■ Exercise prompt ■
These entries must be printed again exactly as they are.

■ Items from a dataset ■
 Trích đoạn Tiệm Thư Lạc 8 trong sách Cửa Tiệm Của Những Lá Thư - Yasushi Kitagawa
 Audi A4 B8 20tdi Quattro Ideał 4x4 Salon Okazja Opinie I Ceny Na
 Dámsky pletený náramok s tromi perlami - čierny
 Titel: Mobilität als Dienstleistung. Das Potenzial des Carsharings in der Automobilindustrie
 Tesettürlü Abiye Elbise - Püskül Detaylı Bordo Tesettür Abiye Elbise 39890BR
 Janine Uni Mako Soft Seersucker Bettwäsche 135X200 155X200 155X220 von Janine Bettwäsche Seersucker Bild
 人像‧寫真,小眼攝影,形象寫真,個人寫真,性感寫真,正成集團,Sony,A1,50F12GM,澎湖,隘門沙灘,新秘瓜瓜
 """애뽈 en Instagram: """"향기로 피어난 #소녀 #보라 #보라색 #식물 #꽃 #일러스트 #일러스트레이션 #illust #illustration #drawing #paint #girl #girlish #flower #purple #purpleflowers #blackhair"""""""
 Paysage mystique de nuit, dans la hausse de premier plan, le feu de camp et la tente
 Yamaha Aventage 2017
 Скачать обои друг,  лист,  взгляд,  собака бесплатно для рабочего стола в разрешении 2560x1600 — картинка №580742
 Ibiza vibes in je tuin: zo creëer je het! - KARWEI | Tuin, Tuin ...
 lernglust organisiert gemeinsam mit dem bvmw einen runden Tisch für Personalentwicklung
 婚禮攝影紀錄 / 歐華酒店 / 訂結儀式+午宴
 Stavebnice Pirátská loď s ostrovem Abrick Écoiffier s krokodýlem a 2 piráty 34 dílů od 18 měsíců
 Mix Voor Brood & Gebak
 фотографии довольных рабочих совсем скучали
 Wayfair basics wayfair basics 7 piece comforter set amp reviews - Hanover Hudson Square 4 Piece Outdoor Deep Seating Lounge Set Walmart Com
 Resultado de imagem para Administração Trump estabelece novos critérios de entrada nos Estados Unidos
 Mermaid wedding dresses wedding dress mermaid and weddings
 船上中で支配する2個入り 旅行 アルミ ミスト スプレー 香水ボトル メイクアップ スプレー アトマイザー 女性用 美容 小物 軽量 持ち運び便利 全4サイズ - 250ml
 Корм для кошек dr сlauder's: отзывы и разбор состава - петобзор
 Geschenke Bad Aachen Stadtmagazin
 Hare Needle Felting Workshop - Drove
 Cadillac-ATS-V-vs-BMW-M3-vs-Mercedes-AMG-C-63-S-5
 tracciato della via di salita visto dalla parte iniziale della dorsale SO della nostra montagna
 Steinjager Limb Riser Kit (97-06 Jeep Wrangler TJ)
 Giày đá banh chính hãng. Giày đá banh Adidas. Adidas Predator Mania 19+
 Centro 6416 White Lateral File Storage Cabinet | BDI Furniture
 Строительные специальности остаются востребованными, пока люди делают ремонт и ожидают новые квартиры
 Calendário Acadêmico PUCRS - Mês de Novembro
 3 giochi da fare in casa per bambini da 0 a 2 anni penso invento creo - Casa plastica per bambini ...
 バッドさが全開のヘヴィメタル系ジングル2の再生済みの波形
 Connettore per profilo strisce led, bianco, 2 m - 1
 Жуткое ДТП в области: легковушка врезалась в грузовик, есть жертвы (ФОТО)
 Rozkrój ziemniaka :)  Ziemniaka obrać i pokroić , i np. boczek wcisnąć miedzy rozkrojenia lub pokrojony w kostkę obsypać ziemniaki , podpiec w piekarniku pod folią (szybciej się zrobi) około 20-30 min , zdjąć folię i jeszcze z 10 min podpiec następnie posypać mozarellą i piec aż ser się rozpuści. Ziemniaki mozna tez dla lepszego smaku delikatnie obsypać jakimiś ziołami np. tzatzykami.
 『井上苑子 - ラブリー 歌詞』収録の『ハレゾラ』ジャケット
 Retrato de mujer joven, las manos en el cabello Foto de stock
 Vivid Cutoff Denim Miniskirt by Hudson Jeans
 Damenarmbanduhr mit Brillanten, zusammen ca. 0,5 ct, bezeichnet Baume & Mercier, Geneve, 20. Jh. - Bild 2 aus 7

■ Your solution ■
 Trích đoạn Tiệm Thư Lạc 8 trong sách Cửa Tiệm Của Những Lá Thư - Yasushi Kitagawa
 Audi A4 B8 20tdi Quattro Ideał 4x4 Salon Okazja Opinie I Ceny Na
 Dámsky pletený náramok s tromi perlami - čierny
 Titel: Mobilität als Dienstleistung. Das Potenzial des Carsharings in der Automobilindustrie
 Tesettürlü Abiye Elbise - Püskül Detaylı Bordo Tesettür Abiye Elbise 39890BR
 Janine Uni Mako Soft Seersucker Bettwäsche 135X200 155X200 155X220 von Janine Bettwäsche Seersucker Bild
 人像‧寫真,小眼攝影,形象寫真,個人寫真,性感寫真,正成集團,Sony,A1,50F12GM,澎湖,隘門沙灘,新秘瓜瓜
 """애뽈 en Instagram: """"향기로 피어난 #소녀 #보라 #보라색 #식물 #꽃 #일러스트 #일러스트레이션 #illust #illustration #drawing #paint #girl #girlish #flower #purple #purpleflowers #blackhair"""""""
 Paysage mystique de nuit, dans la hausse de premier plan, le feu de camp et la tente
 Yamaha Aventage 2017
 Скачать обои друг,  лист,  взгляд,  собака бесплатно для рабочего стола в разрешении 2560x1600 — картинка №580742
 Ibiza vibes in je tuin: zo creëer je het! - KARWEI | Tuin, Tuin ...
 lernglust organisiert gemeinsam mit dem bvmw einen runden Tisch für Personalentwicklung
 婚禮攝影紀錄 / 歐華酒店 / 訂結儀式+午宴
 Stavebnice Pirátská loď s ostrovem Abrick Écoiffier s krokodýlem a 2 piráty 34 dílů od 18 měsíců
 Mix Voor Brood & Gebak
 фотографии довольных рабочих совсем скучали
 Wayfair basics wayfair basics 7 piece comforter set amp reviews - Hanover Hudson Square 4 Piece Outdoor Deep Seating Lounge Set Walmart Com
 Resultado de imagem para Administração Trump estabelece novos critérios de entrada nos Estados Unidos
 Mermaid wedding dresses wedding dress mermaid and weddings
 船上中で支配する2個入り 旅行 アルミ ミスト スプレー 香水ボトル メイクアップ スプレー アトマイザー 女性用 美容 小物 軽量 持ち運び便利 全4サイズ - 250ml
 Корм для кошек dr сlauder's: отзывы и разбор состава - петобзор
 Geschenke Bad Aachen Stadtmagazin
 Hare Needle Felting Workshop - Drove
 Cadillac-ATS-V-vs-BMW-M3-vs-Mercedes-AMG-C-63-S-5
 tracciato della via di salita visto dalla parte iniziale della dorsale SO della nostra montagna
 Steinjager Limb Riser Kit (97-06 Jeep Wrangler TJ)
 Giày đá banh chính hãng. Giày đá banh Adidas. Adidas Predator Mania 19+
 Centro 6416 White Lateral File Storage Cabinet | BDI Furniture
 Строительные специальности остаются востребованными, пока люди делают ремонт и ожидают новые квартиры
 Calendário Acadêmico PUCRS - Mês de Novembro
 3 giochi da fare in casa per bambini da 0 a 2 anni penso invento creo - Casa plastica per bambini ...
 バッドさが全開のヘヴィメタル系ジングル2の再生済みの波形
 Connettore per profilo strisce led, bianco, 2 m - 1
 Жуткое ДТП в области: легковушка врезалась в грузовик, есть жертвы (ФОТО)
 Rozkrój ziemniaka :)  Ziemniaka obrać i pokroić , i np. boczek wcisnąć miedzy rozkrojenia lub pokrojony w kostkę obsypać ziemniaki , podpiec w piekarniku pod folią (szybciej się zrobi) około 20-30 min , zdjąć folię i jeszcze z 10 min podpiec następnie posypać mozarellą i piec aż ser się rozpuści. Ziemniaki mozna tez dla lepszego smaku delikatnie obsypać jakimiś ziołami np. tzatzykami.
 『井上苑子 - ラブリー 歌詞』収録の『ハレゾラ』ジャケット
 Retrato de mujer joven, las manos en el cabello Foto de stock
 Vivid Cutoff Denim Miniskirt by Hudson Jeans
 Damenarmbanduhr mit Brillanten, zusammen ca. 0,5 ct, bezeichnet Baume & Mercier, Geneve, 20. Jh. - Bild 2 aus 7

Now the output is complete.